• What needs to be done: From the first line to the last, copy the data exactly and drop the pictures.

• Raw data:
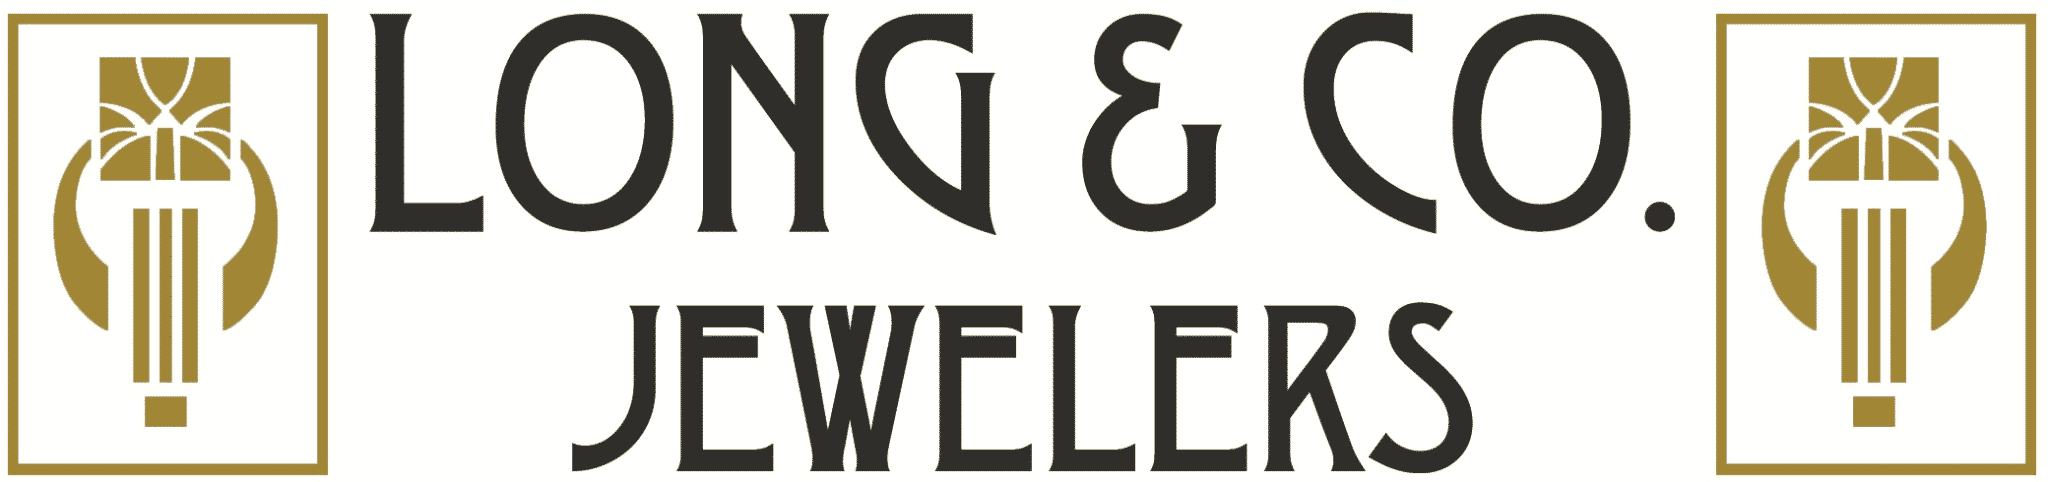 Long Jewelers logo
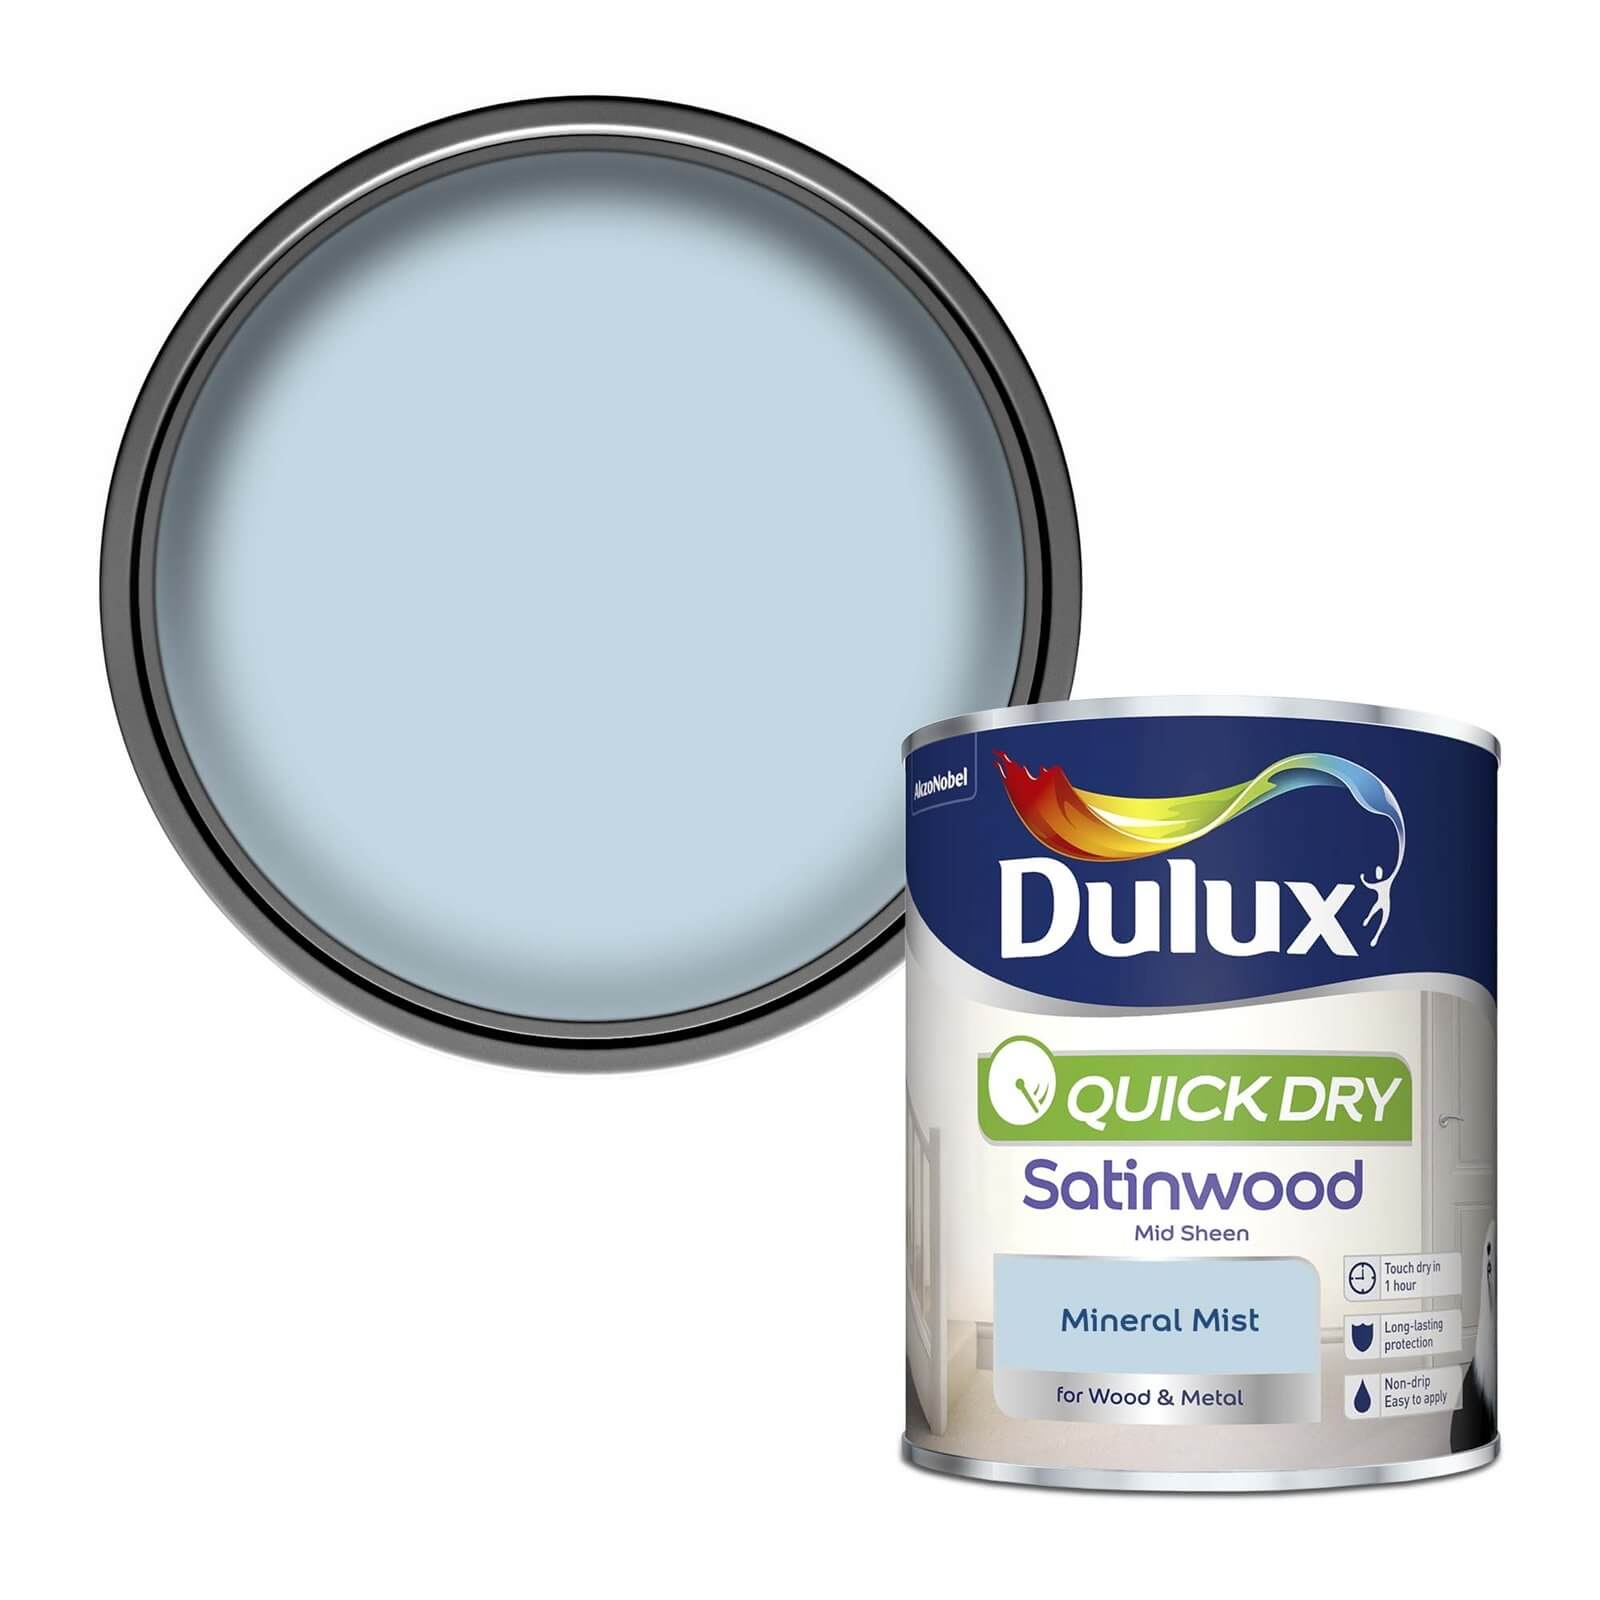 Dulux Quick Dry Satinwood Mineral Mist - 750ml
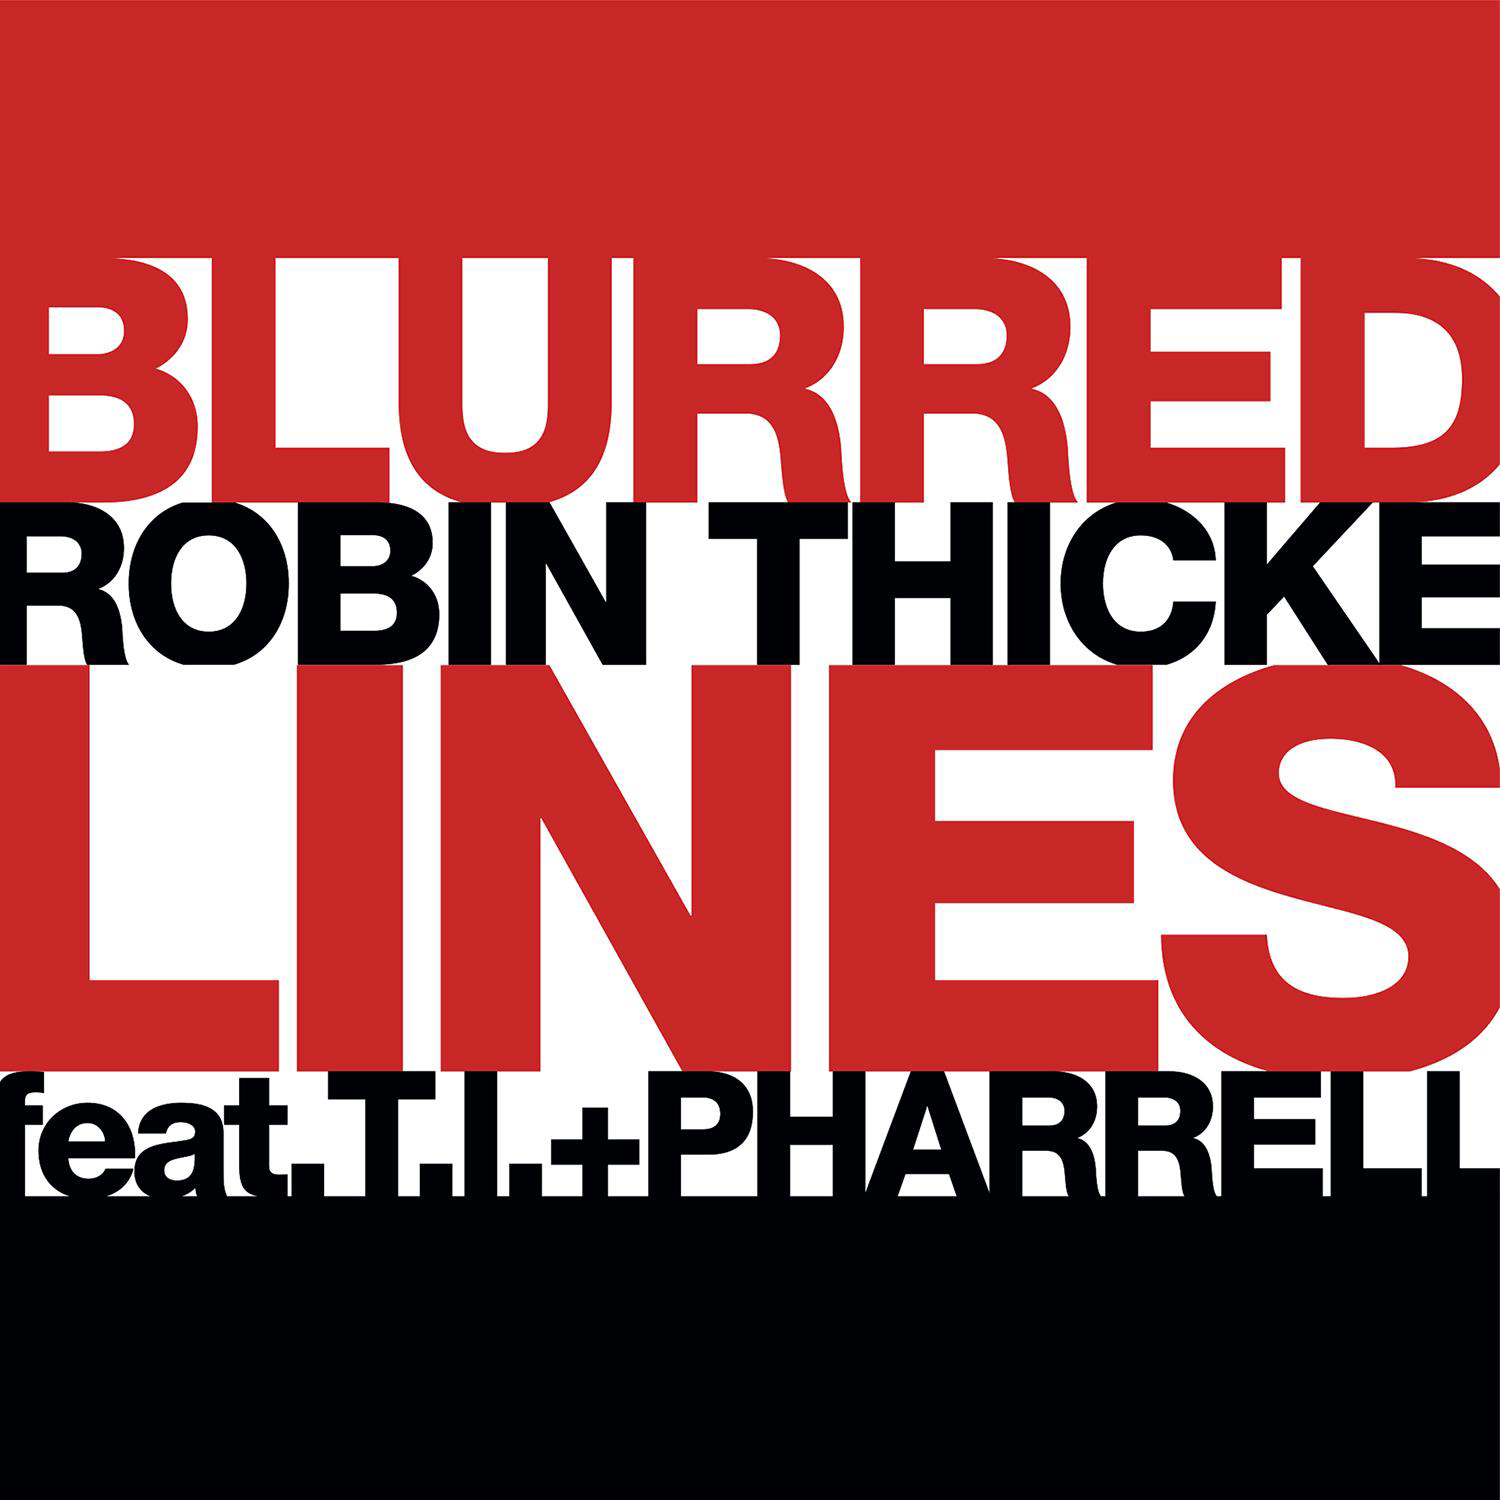 Blurred Lines - Robin Thicke feat. T.I. & Pharrell Williams // AnetaSablikFan

• Exercise result:
 Long Jewelers logo
 Dulux Quick Dry Satinwood Mineral Mist - 750ml
 Blurred Lines - Robin Thicke feat. T.I. & Pharrell Williams // AnetaSablikFan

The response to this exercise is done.